Zients went on to defend the approach Biden had laid out in a speech last week, stressing that home tests for Americans with private health insurance would soon be effectively free — once they pay the retail price and then do the paperwork to get reimbursed by their insurers — and that the administration plans to send out 50 million rapid tests to clinics this month for the uninsured and those on Medicare and Medicaid.
Zients also stressed that the administration had overseen FDA approval of 13 different rapid tests this year. “With more competition,” Zients said, using the language of the market, “that leads to innovation, that leads to prices coming down.”
There is broad agreement among career scientists in the government that getting far more Americans to use rapid tests would be a big advance. “Rapid antigen testing at home, two to three times per week, is a powerful and convenient way for individuals to screen for Covid-19 infection,” Bruce Tromberg, director of the National Institute of Biomedical Imaging and Bioengineering at the National Institutes of Health, said in July. “With schools and businesses reopening, an individual’s risk of infection can change from day to day. Serial antigen testing can help people manage this risk and quickly take action to prevent spread of the virus,” he added.

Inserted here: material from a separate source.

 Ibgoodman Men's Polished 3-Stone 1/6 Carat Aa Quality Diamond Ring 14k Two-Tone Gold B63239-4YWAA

There is broad agreement among career scientists in the government that getting far more Americans to use rapid tests would be a big advance.

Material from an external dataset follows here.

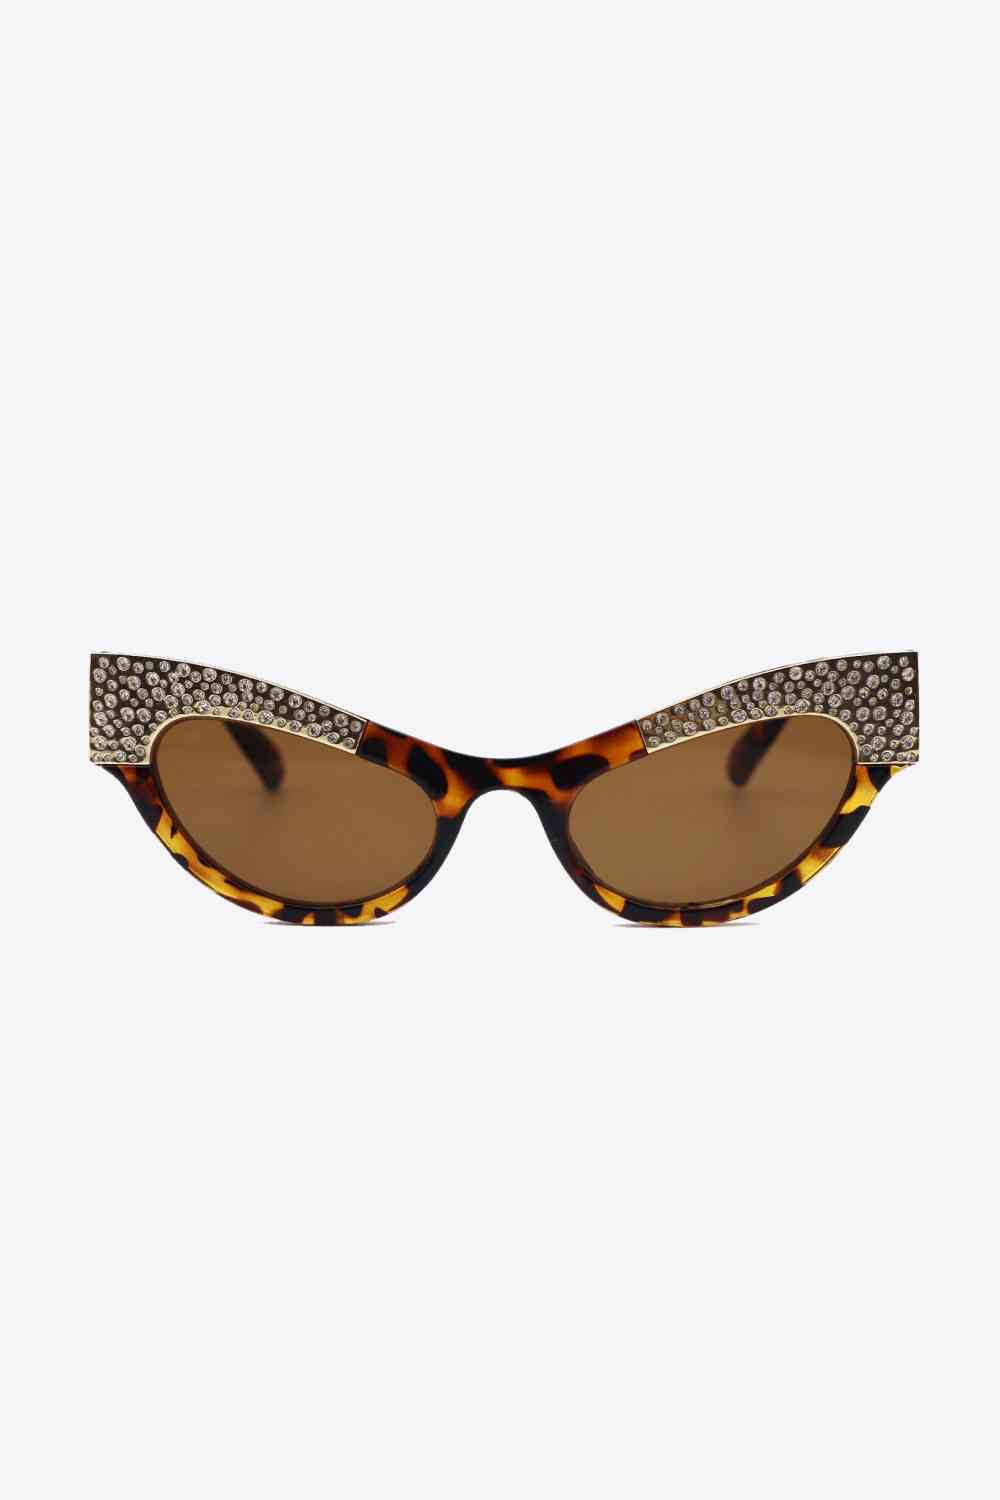 Villa Blvd Rhinestone Cat-Eye Sunglasses ☛ Multiple Colors Available ☚

Health policy experts, however, say that even a recent federal investment of $3 billion, meant to spur the production of enough rapid tests for all Americans who want to use them, is still inadequate. In October, the Department of Health and Human Services estimated that “President Biden’s recent announcement to quadruple supply of at-home tests by the end of the year by investing a total of $3 billion in rapid testing” would lead to a supply of “up to 200 million at-home tests per month by the end of the year.”
When the FDA approved the use of the Acon Laboratories Flowflex home test, that estimate was increased to a potential supply of 300 million rapid tests being produced in the U.S. each month by February. But as Lindsey Dawson, an associate director at the Kaiser Family Foundation, wrote last month: The “new U.S. investment, even if resulting in 300 million rapid tests per month, would be less than one test per month per person in the U.S. For two times per week testing, it would cover less than 40 million individuals. If everyone older than 11 were tested twice per week per the UK’s recommendation, we would need 2.3 billion tests per month. If just half the U.S. population tested weekly, that would translate to a need for more than 150 million tests per week, around 600 million per month.”
To reach that number of tests, the cost to consumers will have to plummet, but there is currently no sign that the Biden administration has any plans to compel the companies that make the tests to slash prices in a way that would dent their profits.
“I just did a BBC interview. The host said that in the U.K. you can just walk into a pharmacy and pick up free tests,” Craig Spencer, an emergency medicine doctor in New York who teaches public health at Columbia University, tweeted last week. “I informed him that at-home tests in the US cost $8-$10 each — if you can find them — and I’m not sure but I think maybe his head exploded.”
“But don’t worry, next month in the U.S., if you’re lucky enough to have private health insurance, you MIGHT have the opportunity to submit the costs of SOME at-home tests to an insurance company whose only motive is profit,” Spencer added.